Las previsiones no son buenas: un informe de la agencia de calificación norteamericana Moody’s estima que el gasto sanitario relacionado con el envejecimiento poblacional crecerá un 18% en España para el año 2035, hasta los 95.000 millones de euros. En poco más de una década (2033) habrá un 25,2 % de la población española con más de 65 años, y casi un 30% en 2040.

“Es vital encontrar soluciones para los problemas que se avecinan en la próxima década. Una de las principales claves es mejorar la salud y la calidad de vida de los ciudadanos de cara a la vejez, fomentando el llamado ‘envejecimiento activo’, para el cual la tecnología puede ser de gran ayuda”, apunta Eduardo Jauregui, CEO y fundador de la tecnológica española IRISBOND.
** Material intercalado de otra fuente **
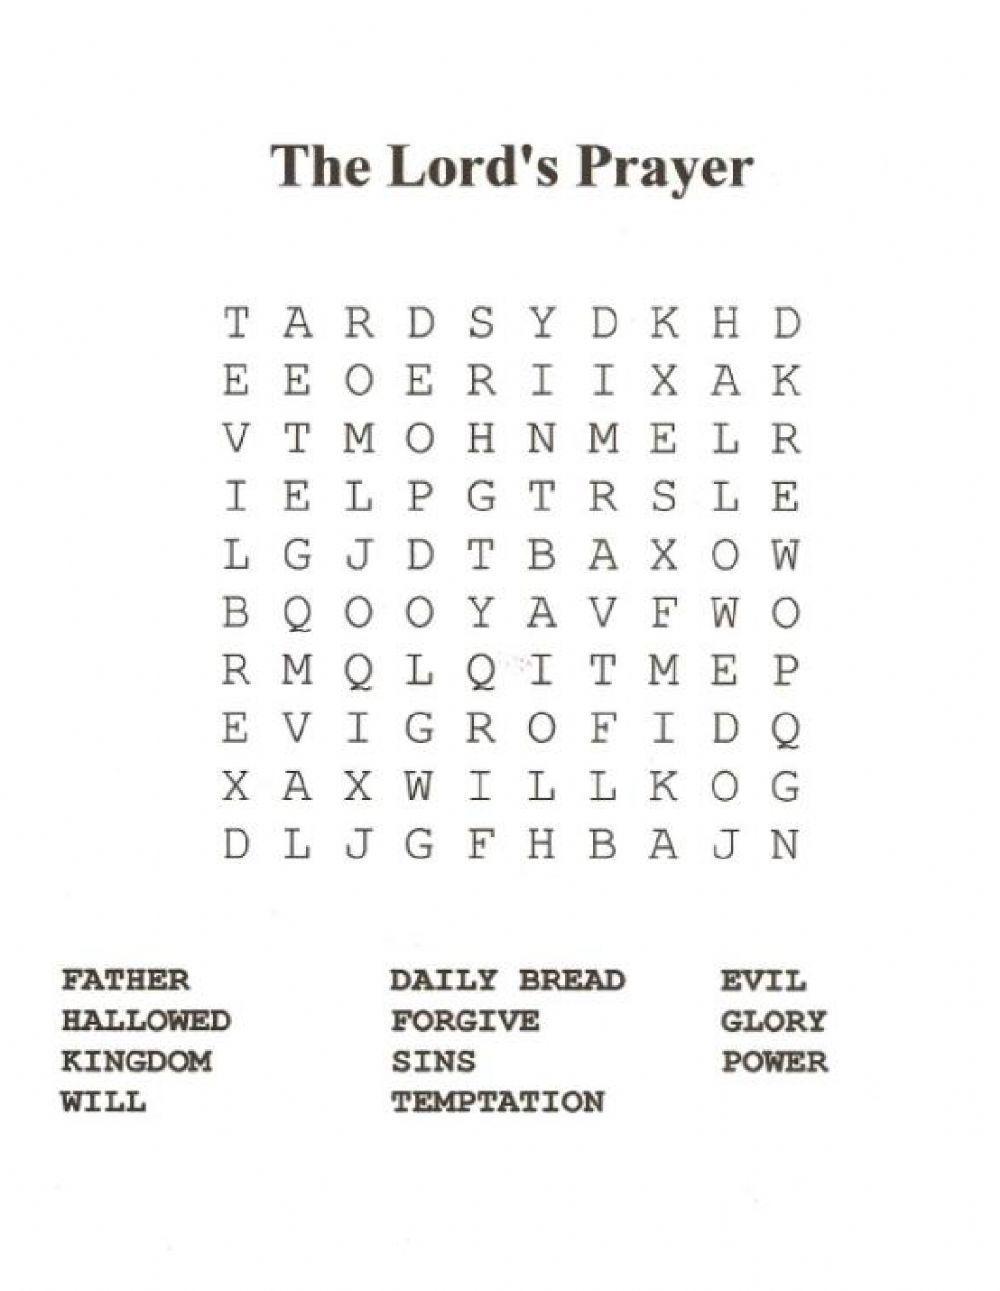 The Lord’s prayer

Avances tecnológicos como el Big Data, el Internet de las cosas (IoT) o la Inteligencia Artificial (IA) han despegado con fuerza en los últimos años y pueden ser piezas fundamentales para ayudar a las personas, especialmente a las mayores, facilitándoles la comunicación con el entorno, ayudándoles en su bienestar e incrementando su empoderamiento y autogestión.

Asimismo, la tecnología se ha convertido -y no hemos visto más que la punta del iceberg- en una herramienta imprescindible en la detección, diagnóstico y tratamiento de muchas enfermedades. Por ejemplo, en los últimos años, ya se ha podido comprobar que las nuevas tecnologías aplicadas a la salud han reducido las estancias en centros sanitarios y hospitales notablemente. La tecnología aplicada a la salud abarca tareas vinculadas con la gestión de la información como el seguimiento de tratamientos, registro de historiales médicos o control farmacológico. También en las ayudas en cirugías como implantes ortopédicos o dispositivos cardiovasculares o cualquier intervención no invasiva, o en la eficacia de las pruebas diagnósticas.